If a bit position is the same in both values, no change is needed in either. If it's opposite, they both need to invert.
XOR with 1 flips a bit; XOR with 0 is a no-op.
So what we want is a value that has a 1
everywhere there's a bit-difference between the inputs, and a 0 everywhere else. That's exactly what a XOR b
does. Simply mask this to only swap some of the bits, and we have a bit-swap in 3 XORs + 1 AND.
// call with unsigned char mask = 1U << bitPosition; if you want
inline
void swapBit_char(unsigned char *A, unsigned char *B, unsigned char mask)
{
unsigned char tmpA = *A, tmpB = *B; // read into locals in case A==B
unsigned char bitdiff = tmpA ^ tmpB;
bitdiff &= mask; // only swap bits matching the mask
*A = tmpA ^ bitdiff;
*B = tmpB ^ bitdiff;
}
(Godbolt compiler explorer with gcc for x86-64 and ARM, includes a version with unsigned
instead of unsigned char
.)
You could consider if(bitdiff) { ... }
, but unless you're going to avoid dirtying a cache line in memory by avoiding the assignments, it's probably not worth doing any conditional behaviour. With values in registers (after inlining), a branch to save two xor
instructions is almost never worth it.
This is not an xor-swap. It does use temporary storage.

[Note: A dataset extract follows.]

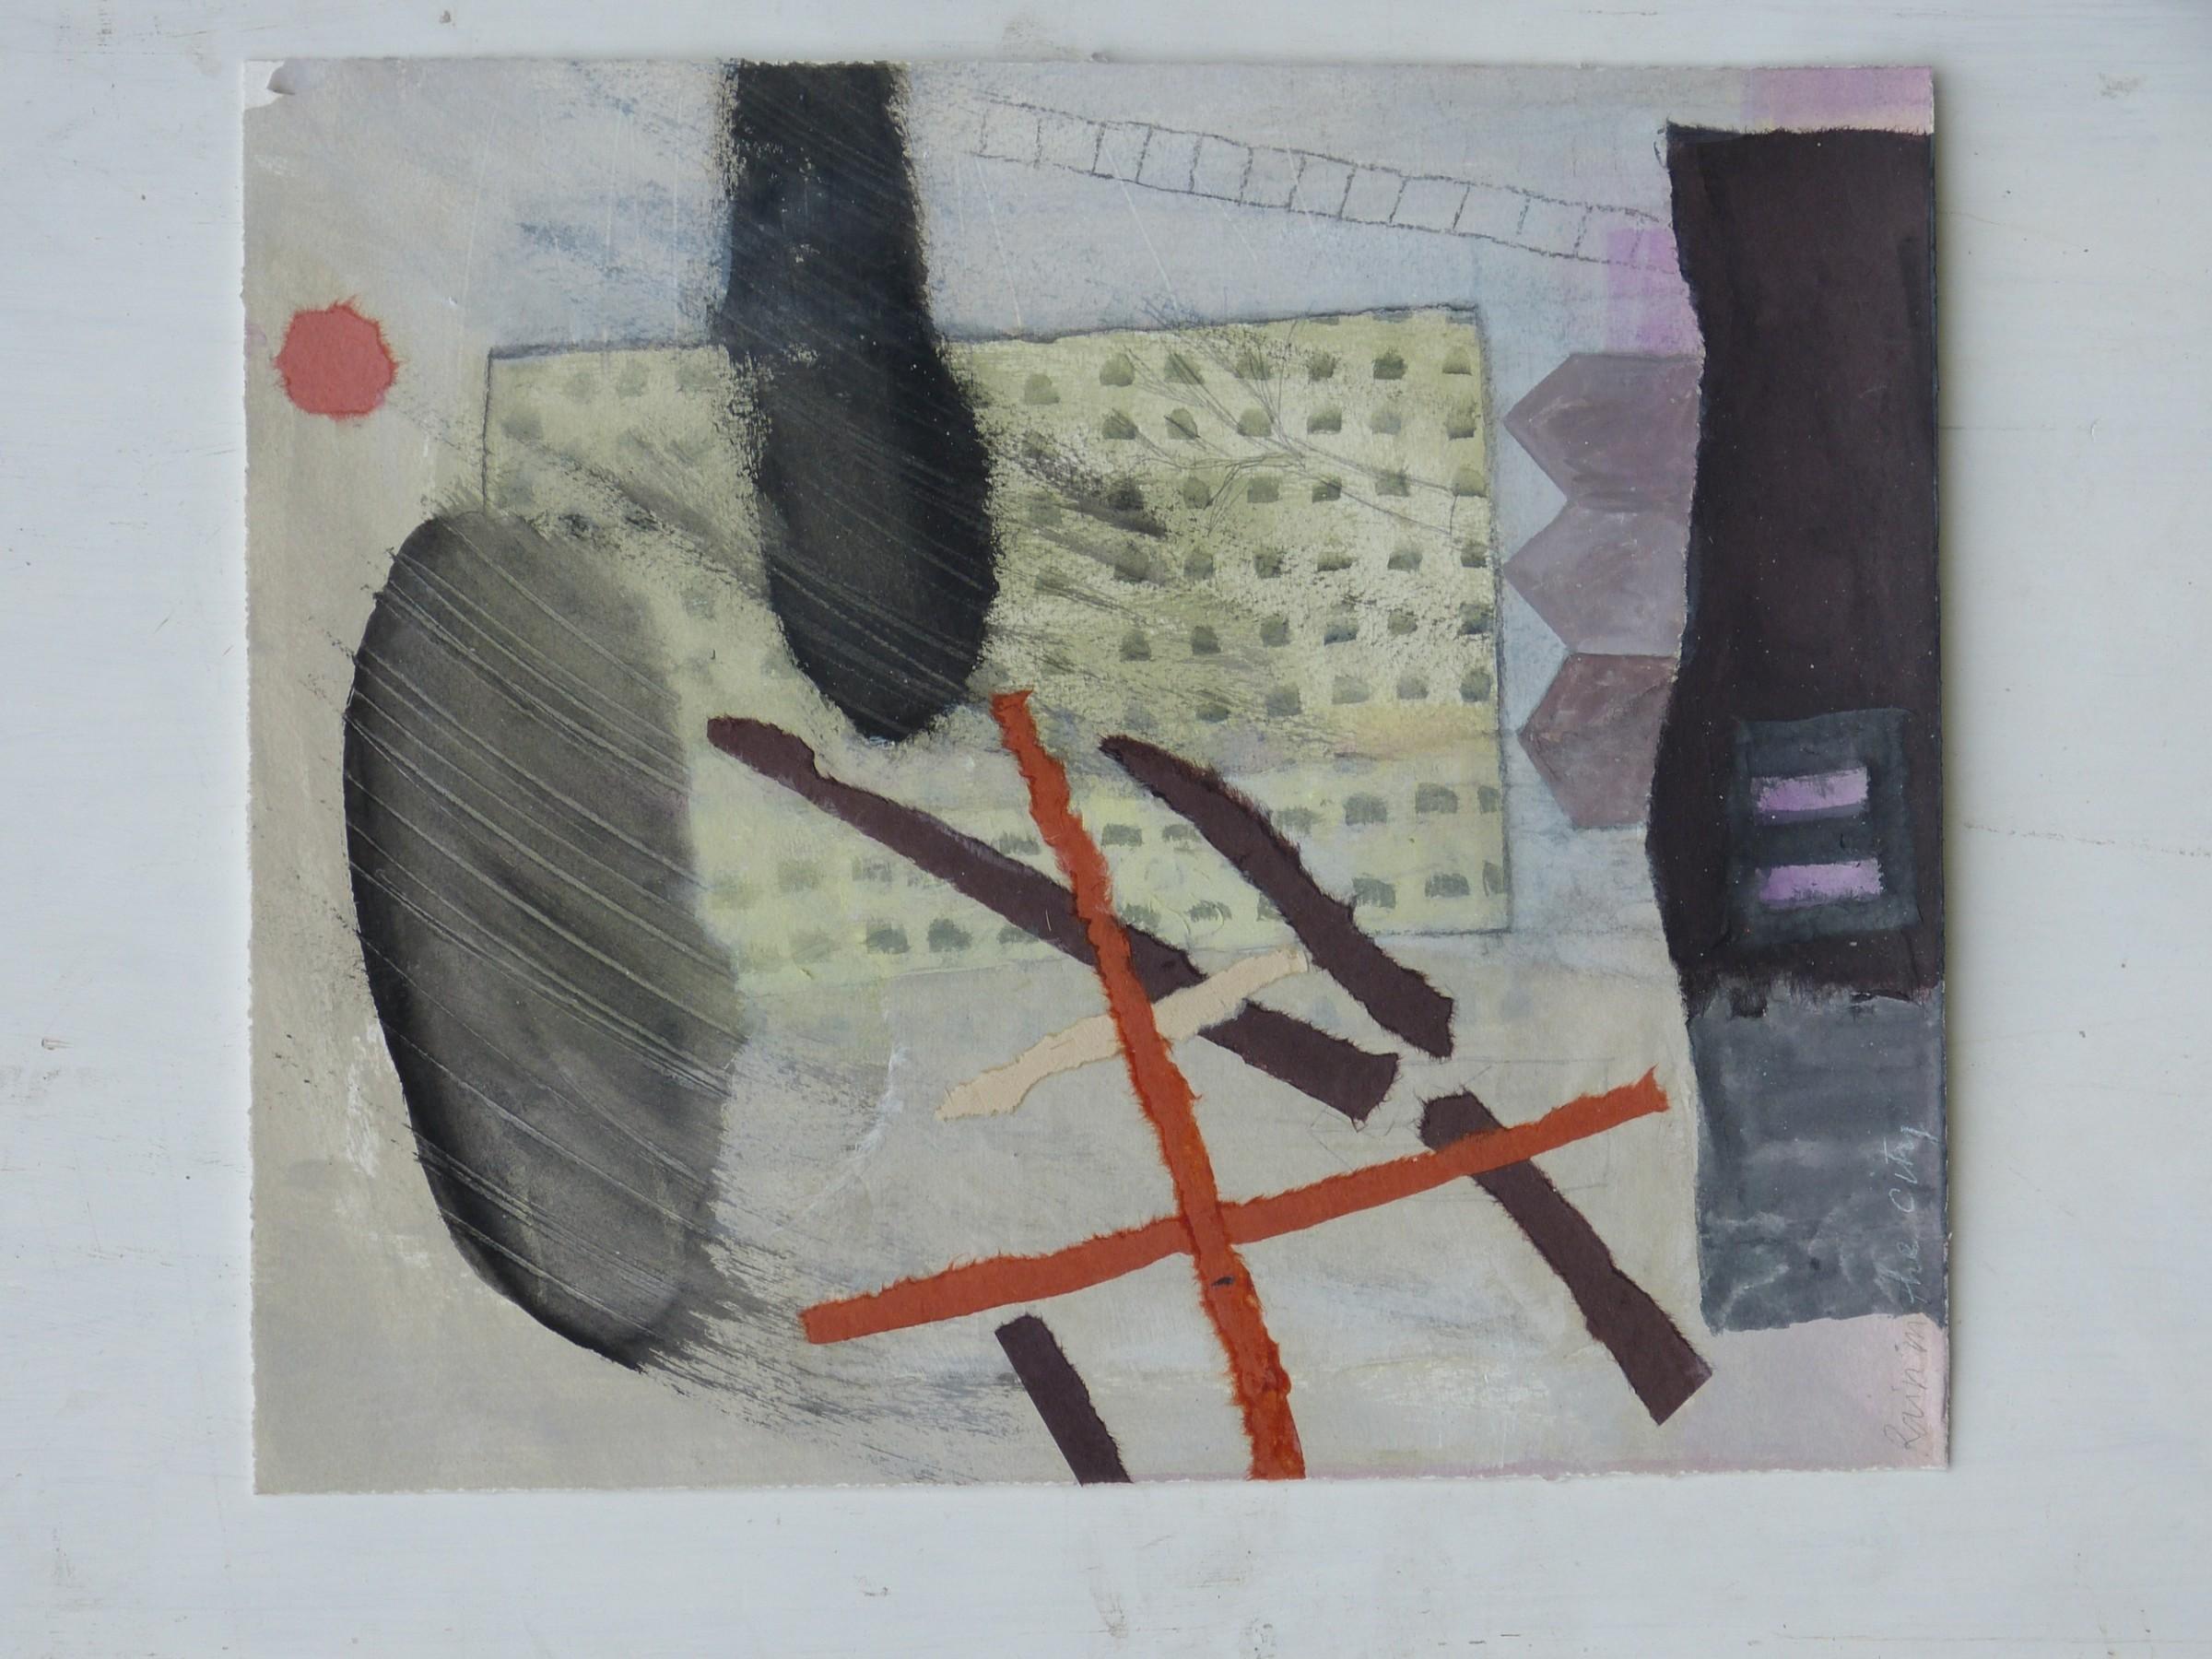 <span class=&#34;link fancybox-details-link&#34;><a href=&#34;/exhibitions/24/works/artworks_standalone10739/&#34;>View Detail Page</a></span><div class=&#34;artist&#34;><span class=&#34;artist&#34;><strong>Caroline McAdam Clark</strong></span></div><div class=&#34;title&#34;><em>Blick ins Chaos</em></div><div class=&#34;medium&#34;>watercolour, pencil & collage</div><div class=&#34;dimensions&#34;>55x47cm</div>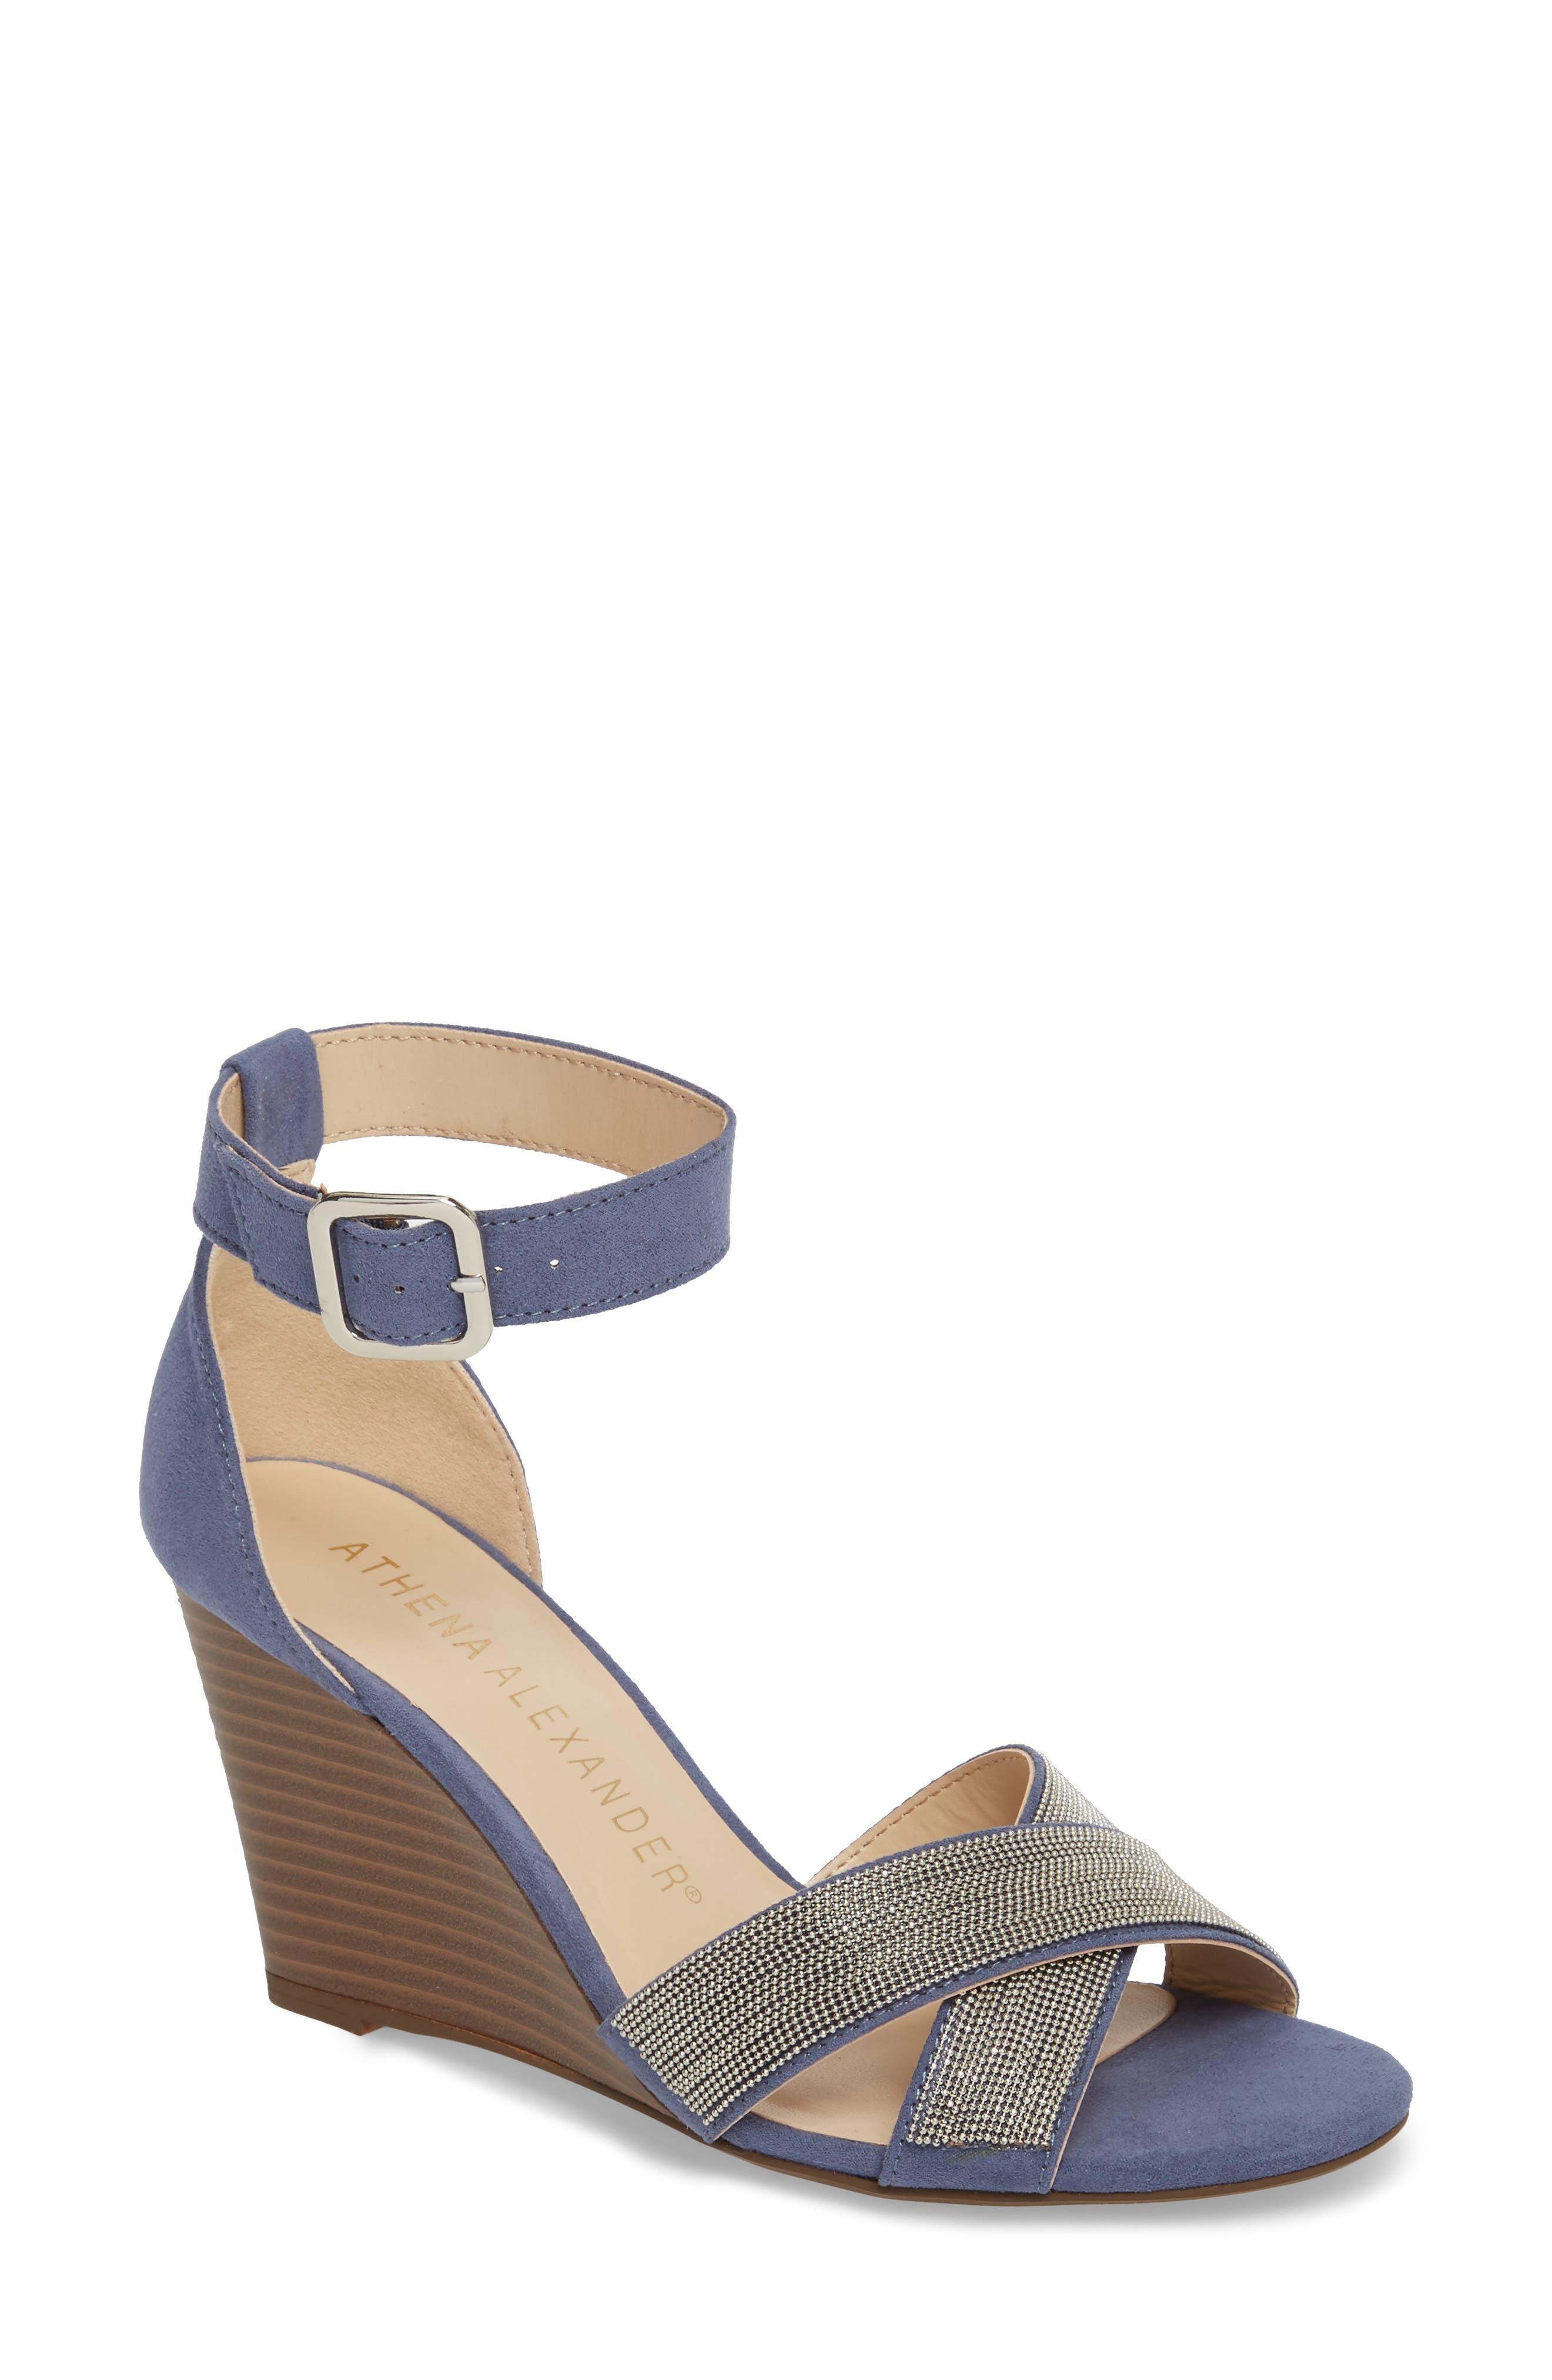 Athena Alexander Zorra Wedge Sandal (Women)

As @chux's answer demonstrates, a masked xor-swap requires 3 AND operations as well as 3 XOR. (And defeats the only benefit of XOR-swap by requiring a temporary register or other storage for the &
results.)
This version only requires 1 AND. Also, the last two XORs are independent of each other, so total latency from inputs to both outputs is only 3 operations. (Typically 3 cycles).
For an x86 asm example, see this code-golf Exchange capitalization of two strings in 14 bytes of x86-64 machine code (with commented asm source)